La tension monte entre le ministère marocain de la Justice et l’Association des barreaux du Maroc. Réunie en session d’urgence à Rabat le 15 mai 2026, l’Association a accusé le ministre de la Justice, Abdellatif Ouahbi, de revenir sur les compromis précédemment convenus autour du projet de réforme de la profession d’avocat, tout en dénonçant une atteinte à l’indépendance du barreau et de ses institutions.
Dans un communiqué particulièrement virulent, l’Association affirme que les bâtonniers des dix-sept barreaux du Royaume envisagent de convoquer des assemblées générales extraordinaires afin de présenter collectivement leur démission, en signe de protestation contre ce qu’ils qualifient d’« atteinte continue aux constantes et aux institutions symboliques de la profession ».
Les avocats menacent également de ne plus superviser les prochaines élections professionnelles, annonçant l’ouverture d’une « bataille existentielle » pour défendre l’indépendance du métier.
Une rupture avec les engagements pris par le gouvernement ?
L’Association des barreaux affirme que le chef du gouvernement, Aziz Akhannouch, avait auparavant manifesté une attitude « positive » et un engagement favorable aux propositions formulées par les représentants de la profession lors des discussions sur la réforme.
Selon le communiqué, plusieurs groupes parlementaires, aussi bien de la majorité que de l’opposition, avaient également soutenu des amendements destinés à renforcer les garanties d’indépendance de la profession.
Mais les avocats accusent désormais le ministre de la Justice d’avoir introduit des amendements oraux « contraires aux usages institutionnels », contenant, selon eux, des dispositions portant atteinte :
-à l’autonomie de la profession,
-aux mécanismes disciplinaires internes,
-à l’organisation autonome des barreaux,
-ainsi qu’à certaines garanties constitutionnelles.
Le bâtonnier au cœur de la controverse
L’un des principaux points de crispation concerne la place du bâtonnier dans l’organisation de la profession.
L’Association accuse Abdellatif Ouahbi de chercher à marginaliser cette institution historique de la justice marocaine et de transformer les bâtonniers en « adversaires » plutôt qu’en partenaires dans la défense des droits et des libertés.
Le communiqué évoque même un climat de « défi » et un langage jugé « inacceptable » lors des discussions autour du projet de loi, allant jusqu’à dénoncer des motivations relevant, selon les auteurs du texte, de « règlements de comptes personnels ».
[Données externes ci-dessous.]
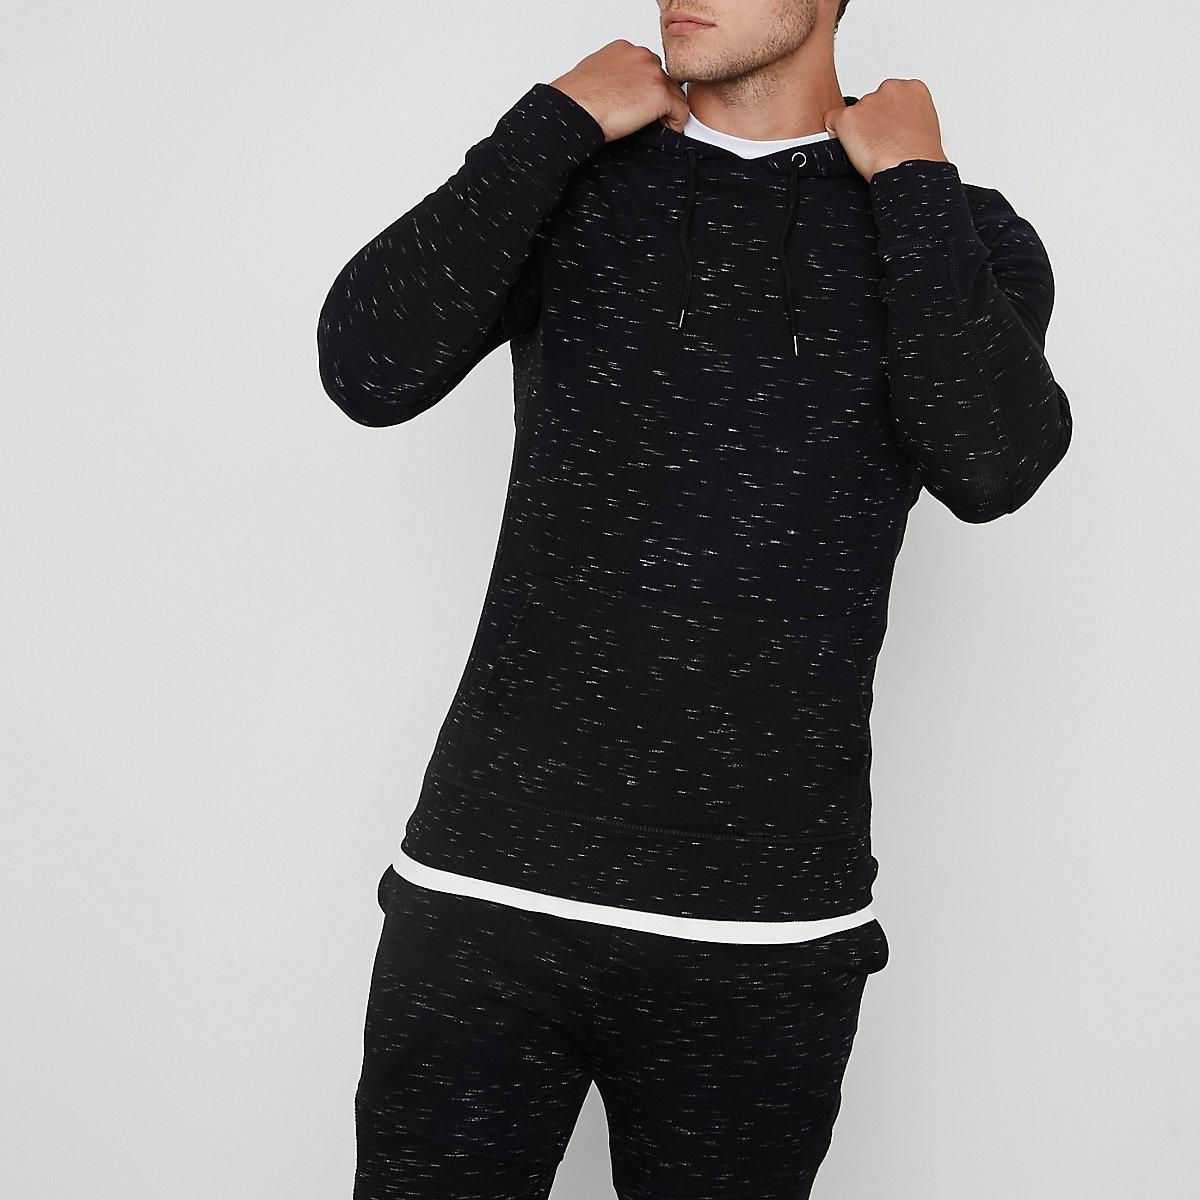 Black long sleeve muscle fit hoodie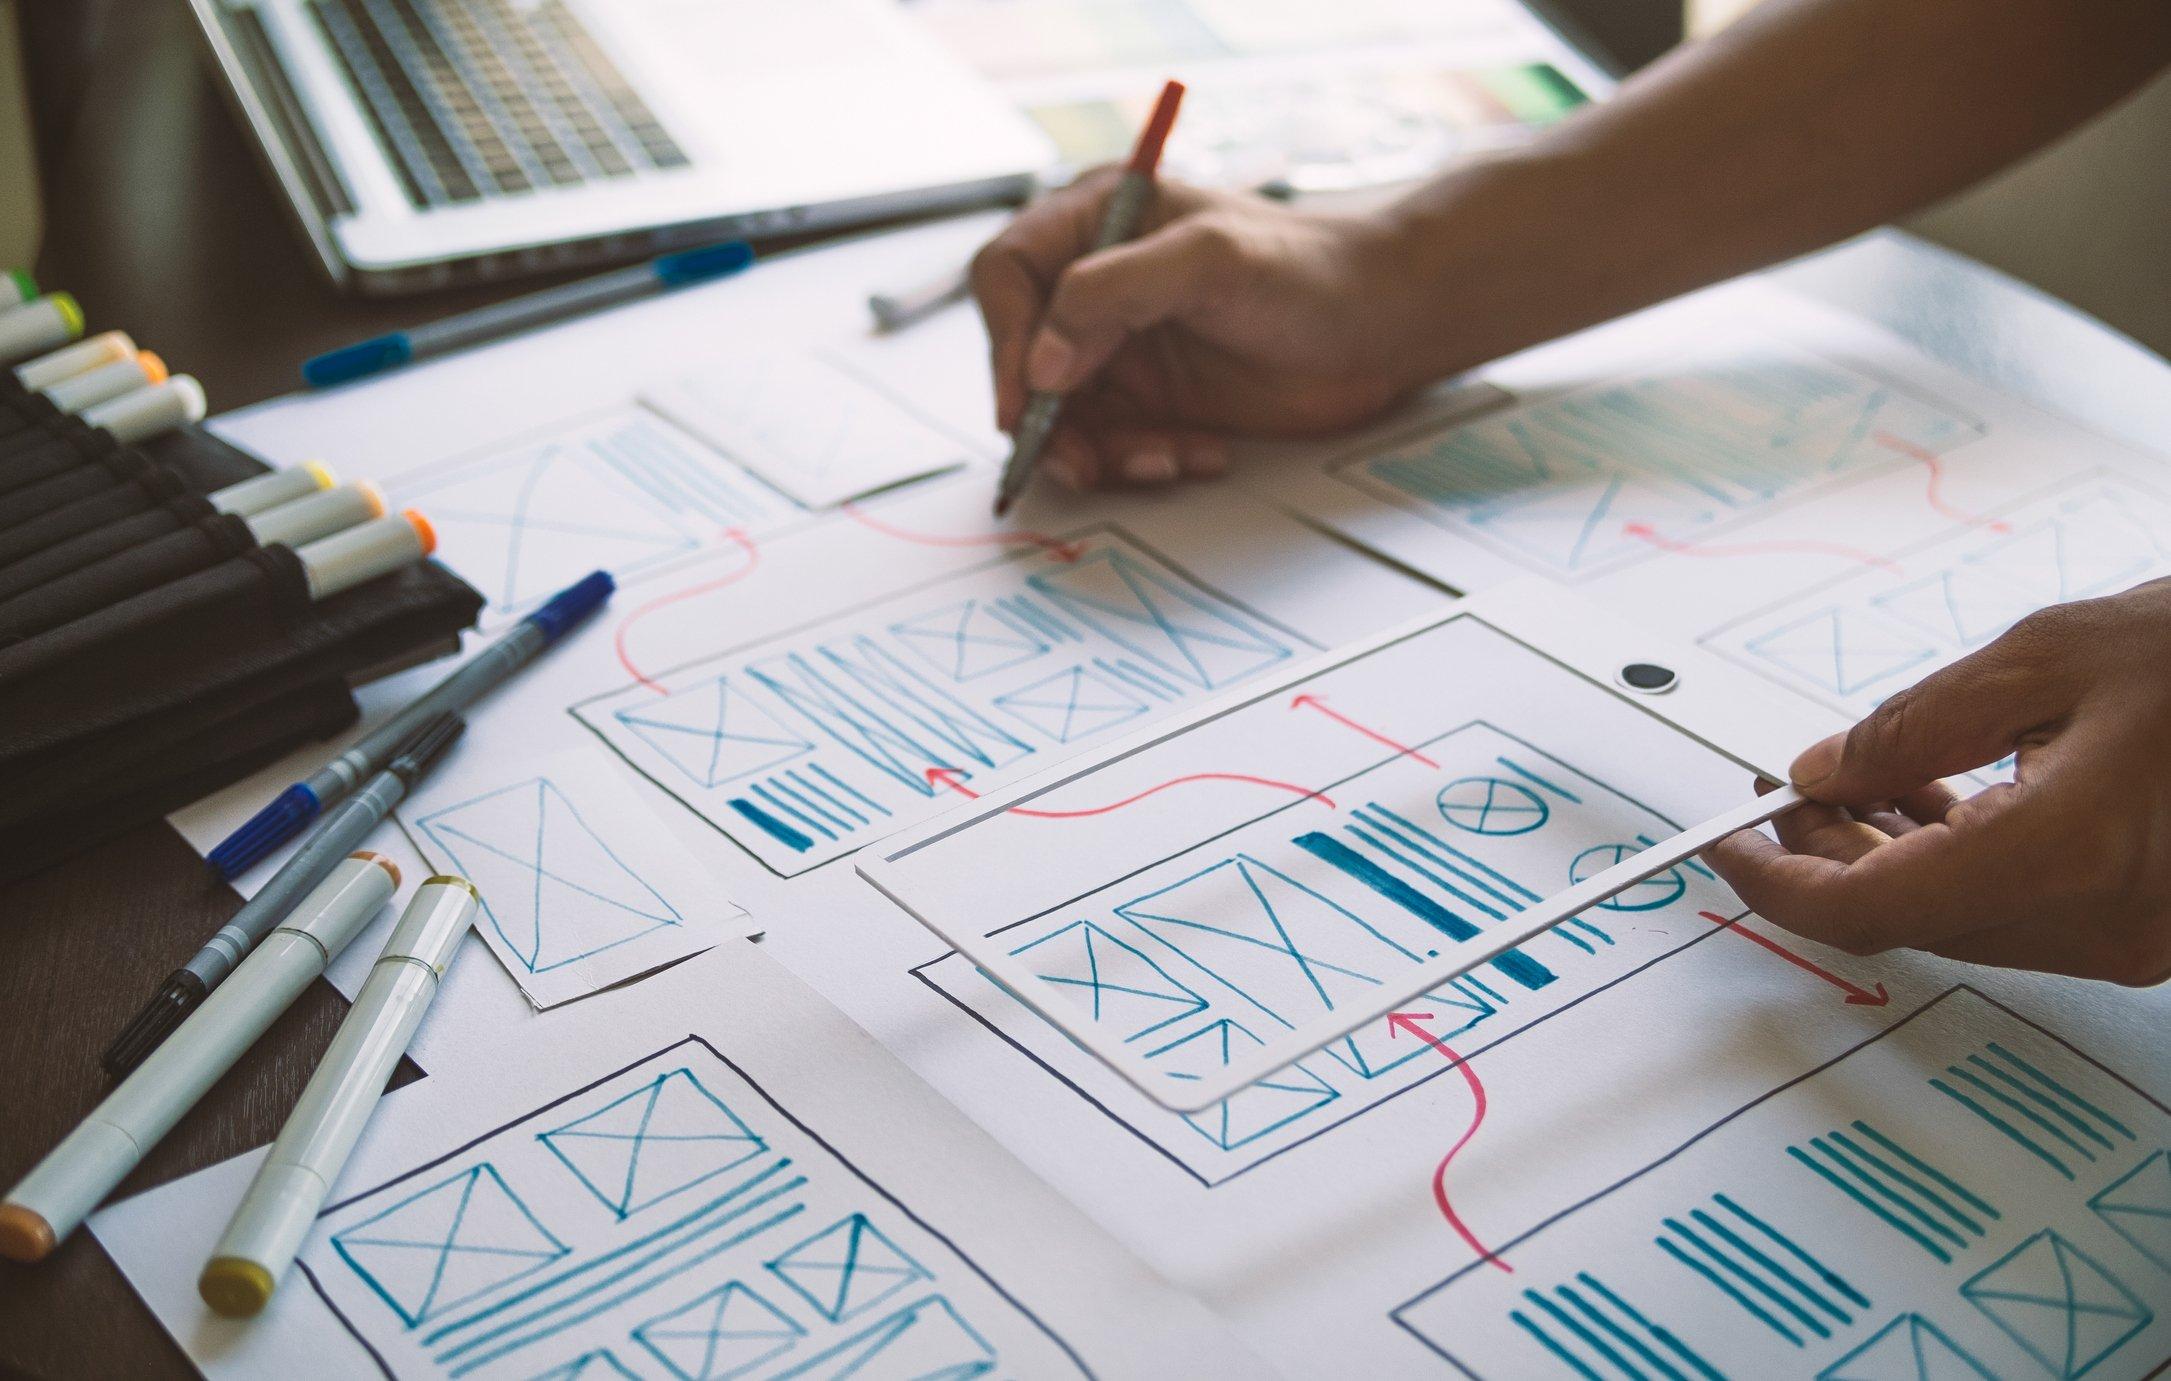 wire frame illustration design

Une nouvelle crise autour de la réforme judiciaire
Cette confrontation intervient dans un contexte plus large de débats sur la réforme du système judiciaire marocain et sur l’équilibre entre modernisation institutionnelle et préservation de l’indépendance des professions judiciaires.
Le ministère de la Justice défend de son côté une réforme destinée à adapter le cadre légal de la profession aux évolutions contemporaines du système judiciaire et aux exigences de gouvernance.
Mais du côté des avocats, le ton employé ces derniers jours montre que la crise dépasse désormais le simple désaccord technique pour devenir un conflit politique et institutionnel majeur entre le barreau et le ministère.
L’Association des barreaux insiste enfin sur le fait que toute tentative de division entre générations d’avocats ou entre composantes de la profession « est vouée à l’échec », rappelant que la force du barreau marocain a toujours reposé sur son unité et ses traditions professionnelles.